Vent’anni di finanziamenti privati: miliardi di lire prima, centinaia di
migliaia di euro poi. Sempre gli stessi nomi pronti a intervenire
trasversalmente con la destra e la sinistra: Della Valle, Benetton,
Caltagirone, Romeo. E tanti altri ancora
Anche nel passaggio dalla lira all’euro lo scalino è stato
ammortizzato. Tanto era allora, il doppio dopo. Anzi, i benefattori
della politica sono stati al passo con gli appetiti crescenti: bonifici
con zeri abbondanti a coprire una perenne campagna elettorale. I nomi
sono quasi sempre gli stessi: presunti capitani d’industria come la
famiglia Riva, imprenditori dall’aspetto illuminato tipo la famiglia
Benetton. O Diego Della Valle, sempre presente negli ultimi vent’anni. I
più generosi e attenti? Tutte le realtà legate al mondo della sanità e
dell’edilizia. Destra, sinistra, centro. Questo ballo coinvolge tutto il
Parlamento.
Sulla via Emilia
Metodici.
Puntuali. Con cifre crescenti. Sono i Merloni, proprietari dell’omonima
azienda legata al mondo degli elettrodomestici e della termoidraulica.

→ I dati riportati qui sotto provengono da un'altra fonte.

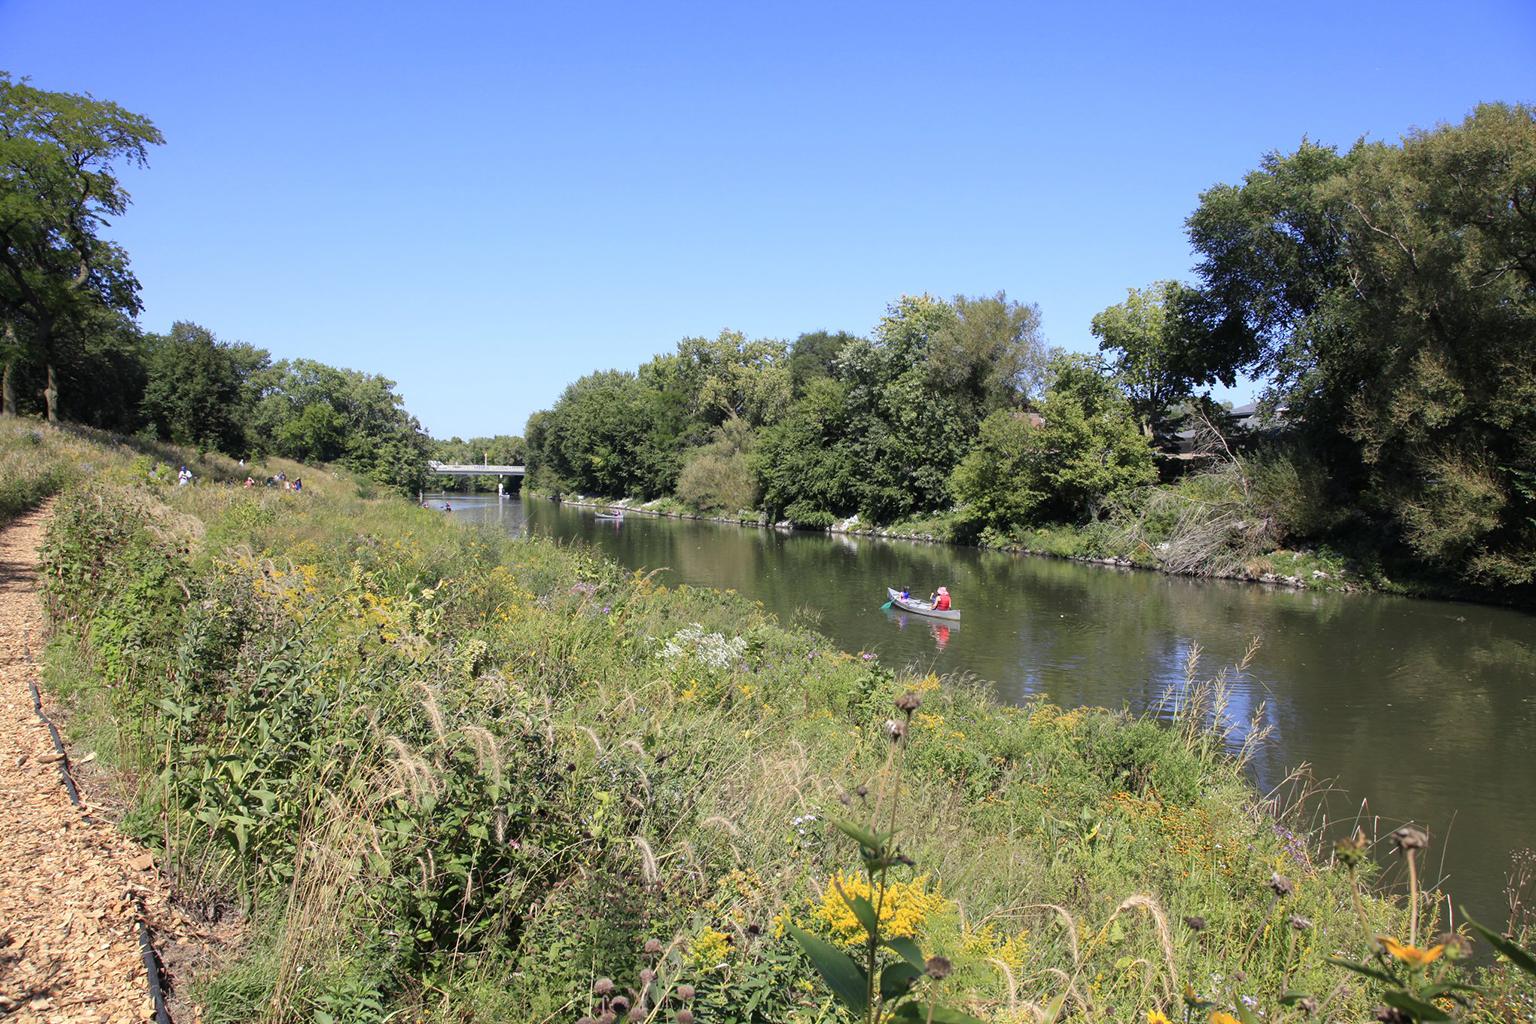 The North Branch of the Chicago River near Montrose Avenue in Horner Park. (Courtesy U.S. Army Corps of Engineers)

Nel 1994 intervengono con un assegno da dieci milioni a favore di
Beniamino Andreatta, uno da 30 per Gerardo Bianco, 60 al Partito
Popolare e 80 per la neonata Forza Italia. Ma la generosità non finisce
qui: ecco 270 milioni al Patto Segni, sotto la formula del “deposito
fruttifero a garanzia di scopertura bancaria” e altri 20 per il suo
leader Mariotto. Cambia stagione, non la generosità. Nel 1999: 50
milioni ai Ds, altrettanti al Ccd. Occhio alla data: 2001. È l’anno
della chance per Francesco Rutelli come leader del centrosinistra,
l’anno della frase “mangio pane e cicoria”. Per rendere più sfizioso il
companatico, i Merloni si presentano con 100 mila euro; al Patto Segni e
all’Udeur appena 10 mila. Finisce la disponibilità. Nel 2008 l’azienda
entra in crisi: chiusi due stabilimenti, amministrazione straordinaria e
debiti per 543,3 milioni di euro. Parentesi “alimentare” sulla via
Emilia: nel 1994 Parmacotto si presenta con 100 milioni per Forza Italia
e altrettanti per il candidato locale, Elio Massimo Palmizio. Non meno
generoso è mister Idrolitina, alias Giuseppe Gazzoni Frascara, candidato
nel 1995 a sindaco di Bologna. Tra il 1994 e il 1996 si presenta con
oltre 300 milioni tra Forza Italia e il Ccd.
A chi fa le scarpe?
19
marzo 2006. Vicenza. Silvio Berlusconi attacca violentemente Diego
Della Valle. Il signor Tod’s replica dalla platea. Sembrano lontani
umanamente e politicamente, almeno lì. Eppure qualche anno prima la
storia era tutt’altra. Nel 1994 il proprietario della Fiorentina si
presenta da Forza Italia con 100 milioni, mentre sono 135 per il Patto
Segni, sempre con la formula del “deposito fruttifero”. Ma la vera
amicizia è quella con Clemente Mastella: nel 1998 dà 50 milioni ai
Cristiano Democratici per la Repubblica e 150 mila all’Udeur per la
campagna del 2006, a firma di Andrea (altri 100 mila per la Margherita,
da parte di Diego, maggiore dei fratelli). Parallelamente alla passione
politica, cresce anche il pacchetto aziende, tanto da entrare, nel 2011,
nella classifica di Forbes dedicata agli uomini più ricchi al mondo; al
marzo del 2013 egli è al 965° posto (20° italiano), con un patrimonio
di 1,5 miliardi di dollari.
Fattore di “mercato”
Coerente.
Munifico e coerente. È Maurizio Zamparini, spesso in tv o sui giornali,
perché proprietario del Palermo calcio. È un uomo di destra, e quella
parte finanzia. Nel 1994 batte ogni record con due “assegni” da 250
milioni l’uno, a favore del defunto Msi, in procinto di trasformarsi in
Alleanza nazionale. Nel 2001 diventano 200 mila euro; 103 nel 2006 al
Ccd, mentre nel 2008 seduce l’Mpa di Lombardo con altri 100.
Freccia a destra
Qualche
dubbio, un’unica certezza: un misterioso benefattore spedisce nel 1994
97 milioni di lire all’Msi, da poco al governo con Silvio Berlusconi.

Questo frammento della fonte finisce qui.